Systems: Take a look at Lichtenberg II and CLAIX-2018

A cooperation of TU Darmstadt
and RWTH Aachen University

Lichtenberg II at
TU Darmstadt.

Systems ―

Lichtenberg II at TU Darmstadt

With over 56,000 cores in total, over 257 TB main memory, the first phase of TU Darmstadt‘s system Lichtenberg II has a performance peak of over 3.148 PFLOPS. In June 2020, the cluster was placed at #92 on the list of the world’s fastest HPC systems (TOP500), making it the fastest university cluster in Germany at that time.

Moreover, on the Green500 list of the most energy-efficient systems, it was ranked to be the most energy-efficient German university cluster at #48. The operational concept utilizes direct hot-water cooling and the reuse of waste heat during the heating period.

See: EnEff:Stadt Campus Lichtwiese.

Lichtenberg II has an MPI section with dual-socket nodes, an MEM section with big-memory nodes in excess of 1 TB of memory, an ACC section with powerful accelerator nodes hosting at least two accelerators, and a test section. An additional ACC section containing Nvidia „DGX A100“ nodes to support modern research in Artificial Intelligence is currently in preparation. The whole cluster is equipped with measurement equipment for improving energy efficiency of HPC applications.

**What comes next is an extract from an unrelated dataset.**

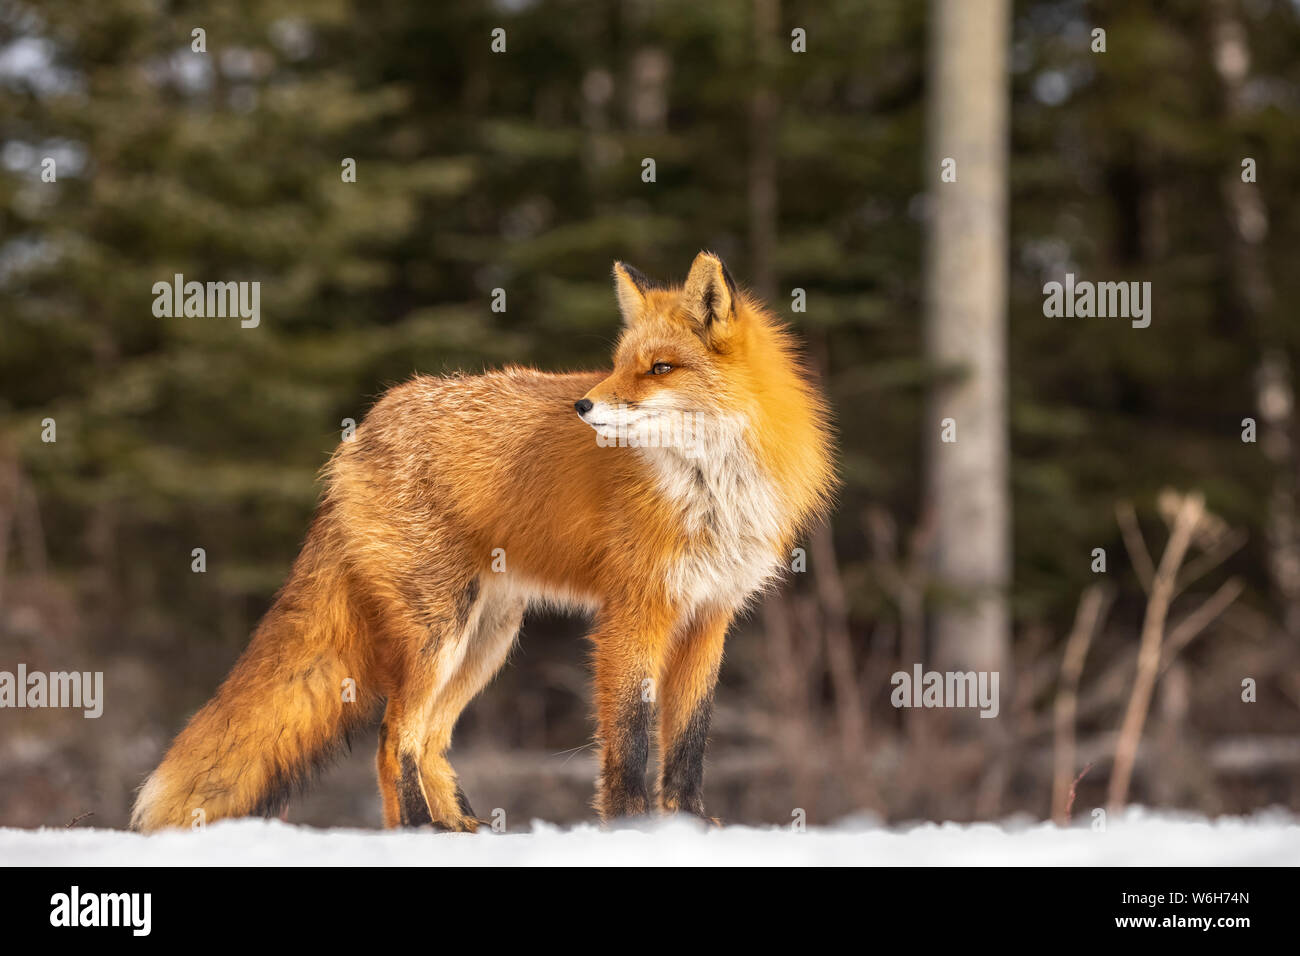 Le renard roux (Vulpes vulpes) debout dans la neige. Famille Fox était souvent vu ici près de Campbell Creek et voyageant sur la piste cyclable de la ville Banque D'Images

The storage and compute systems are procured separately to ensure the best possible continuous storage service. As a first step, a Spectrum Scale system (formerly known as GPFS) with 3 PB of space was procured in 2018.

Phase P1 of Lichtenberg II
The current first compute phase P1 of Lichtenberg II consists of 586 compute nodes with two Intel Cascade-Lake AP (96 cores SMP) processors and 384 GB main memory each, two big-memory nodes equipped with 1.5 TB main memory each, and 8 accelerator nodes with 2x Nvidia „V100“ GPUs each. All nodes and the file systems are interconnected via EDR and HDR100 Infiniband.

The Lichtenberg installations reflect the multi-use concept of TU Darmstadt, which aims to procure each phase as homogeneously as possible, e.g. with comparable CPU, memory and network architectures, also for special purpose nodes. The goal is to reduce the hardware peculiarities a user has to keep track of, thus bringing down the number of mistakes at the batch level.

Special purpose sections can be used for standard workloads when momentarily underutilized. Beyond convenience and flexibility, this principle provides economic savings with respect to rack space, reduced idle time, and system administration.

Aachen University.

Systems ―

CLAIX at RWTH Aachen University

The high-performance computing system CLAIX – Cluster Aix-la-Chapelle – at RWTH Aachen University is operated by the IT Center and currently consists of three parts: the Tier-2 part from the procurement phases 2016 and 2018 and the Tier-3 part from the procurement phase 2018.

The Tier-3 part consists of over 220 compute nodes with identical configuration (6 of those with GPUs) and are fully integrated into the overall cluster. CLAIX-2018 started test operation in November 2018 and since January 2019 the system has been available without restriction for use by computing time projects.